CountyChoice = ['Rutherford']
CountyData = pd.read_excel('TNCountyData.xlsx', engine='openpyxl')
CountyData.set_index("COUNTY", inplace=True)
CountyData = CountyData.loc[CountyChoice]
Note: This code calculates seven-day moving averages for NEW_CASES
and NEW_TESTS
. It also calculates a Pct.
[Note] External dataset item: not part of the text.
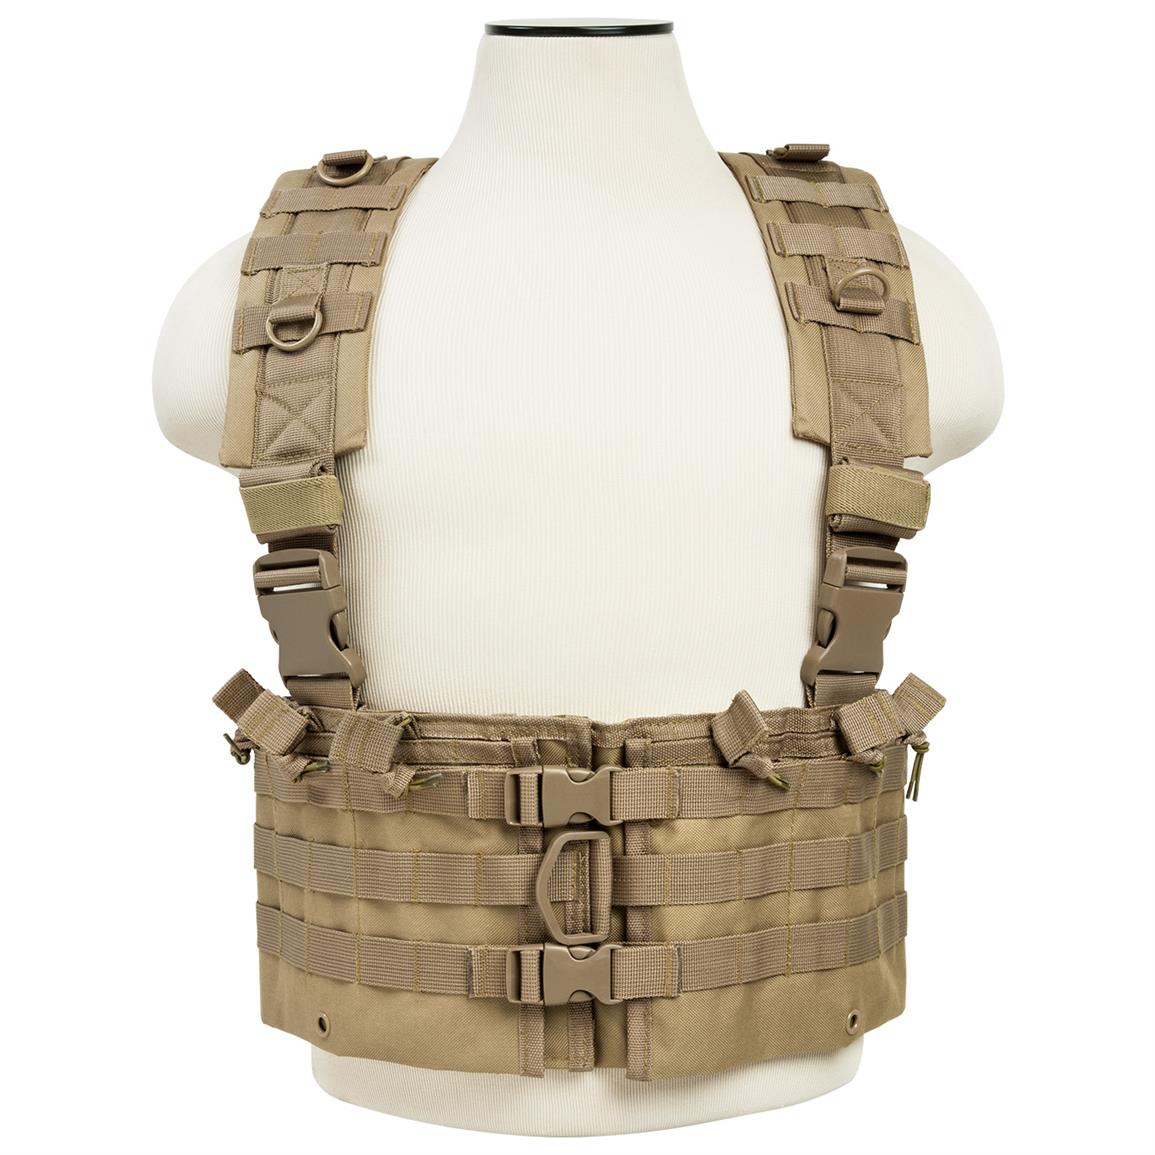 VISM by NcSTAR AR Chest Rig - 613596, Tactical Clothing at Sportsman's ...

Positive
figure by dividing the moving seven-day sum of NEW_CASES
by the seven-day moving sum of NEW_TESTS
.
CountyData['New Cases']=CountyData['NEW_CASES']
CountyData['New Tests']=CountyData['NEW_TESTS']
CountyData['MA of New Cases']=CountyData['New Cases'].rolling(7).mean()
CountyData['MA of New Tests']=CountyData['New Tests'].rolling(7).mean()
CountyData['Pct. Positive']=CountyData['New Cases'].rolling(7).sum()/CountyData['New Tests'].rolling(7).sum()
CountyData['Active cases']=CountyData['TOTAL_ACTIVE']
plt.close('all')
Note: The plots that the code below produces will show data for all dates available in the dataset.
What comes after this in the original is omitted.